There's a greater dichotomy in teens' personal aims for sexual relationships, and the perceived aims of those around them. Most teens, 72 percent, say they're more interested in a committed sexual relationship with a steady partner than in casual sex with no attachments. But 58 percent think most other teens their age have the opposite interest -- a preference for casual sex.
The survey results underscore the critical role of good information and open communication. Teens are less likely to be sexually active if they've gotten most of their information about sex from parents or teachers, as opposed to friends. Sexual activity is lower among those who say their parents or sex education classes answered most of their questions. And teens who feel comfortable talking with their parents about sex are nearly twice as likely to say their parents know what they're doing sexually.
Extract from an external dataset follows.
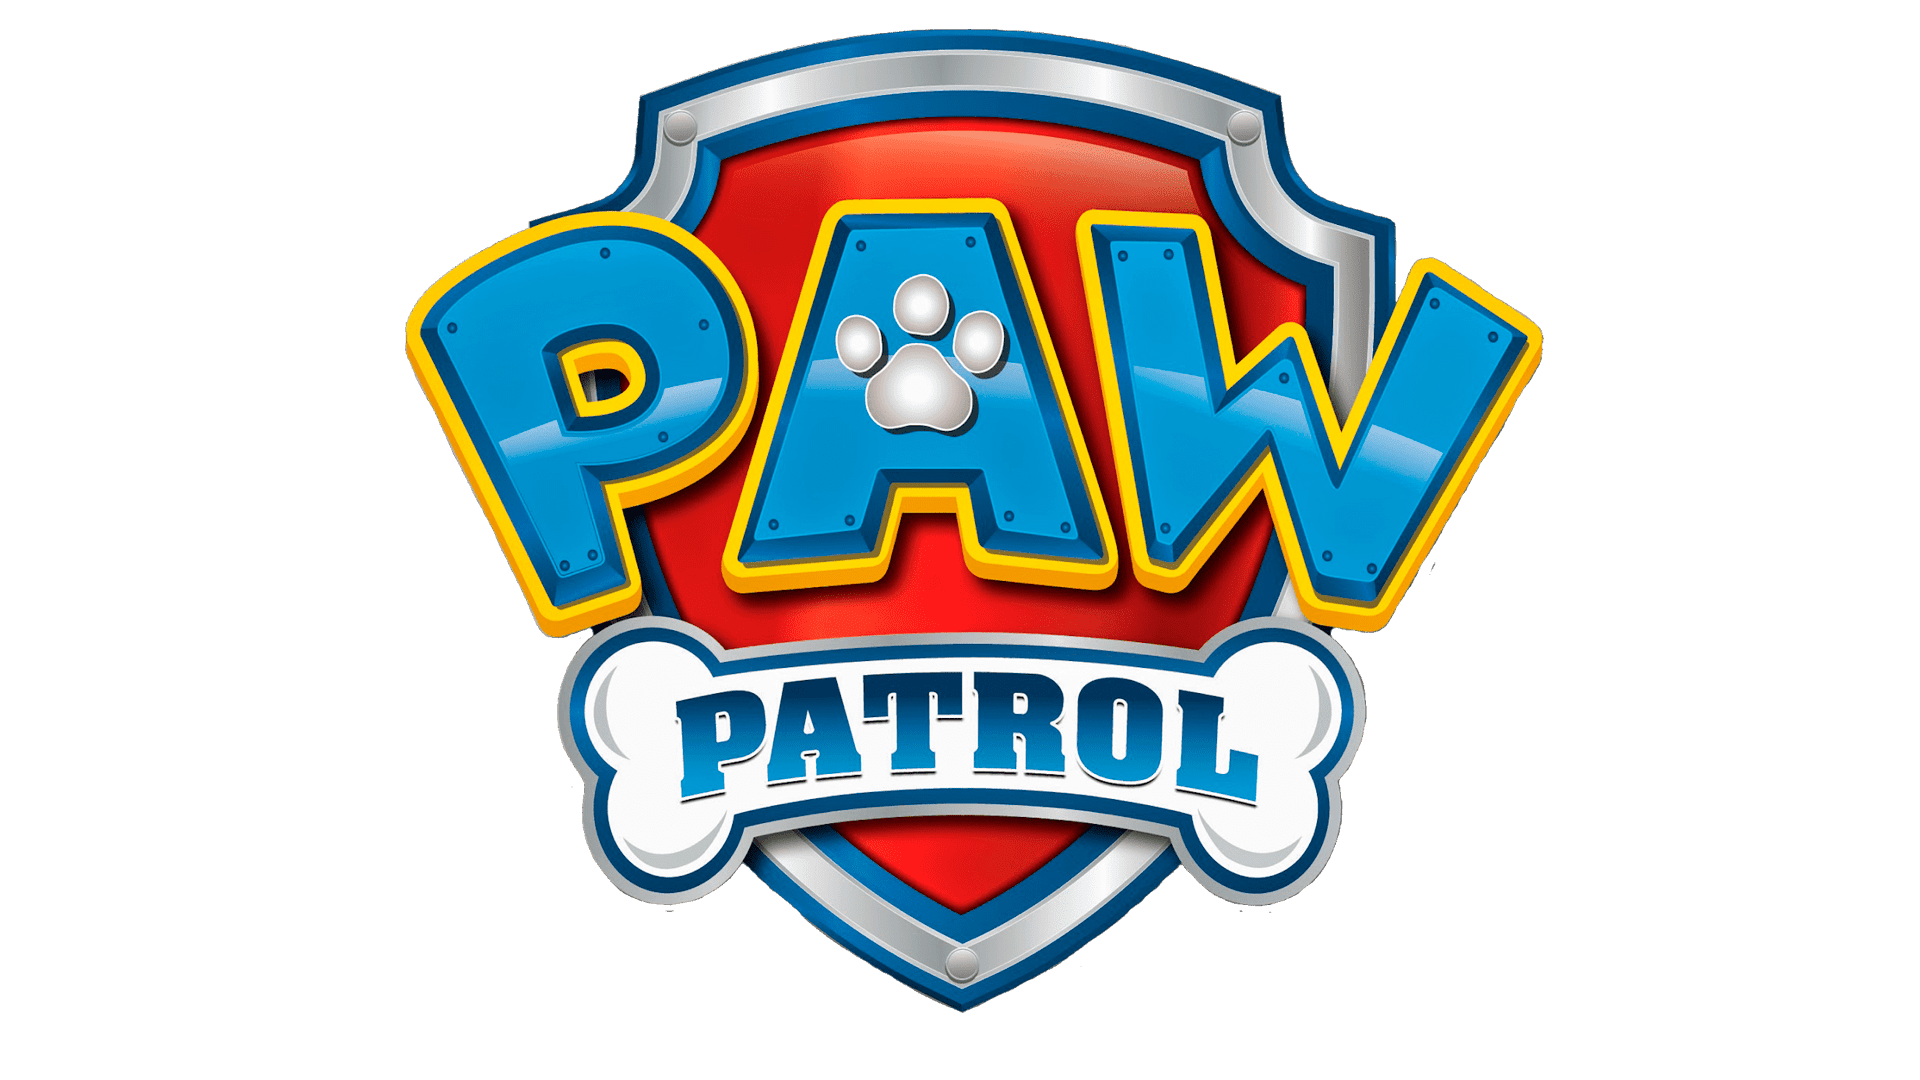 El top 99 imagen el logo de paw patrol

Eight in 10 teens have had sex ed classes, and eight in 10 of them say such classes answered most of their questions. But, as noted, just half say they've ever talked with their parents about sex. And fewer -- 32 percent -- say they get most of their information about sex from their parents (four in 10 girls, and less than a quarter of the boys).
There's a broad disconnect between parents and teens on this issue. In an ABC News survey of adults, 90 percent of parents said they've spoken with their teenagers about sex. In this survey, only 49 percent of teens say that's so. Clearly, whatever the parents thought was a conversation about sex, the kids didn't hear it that way.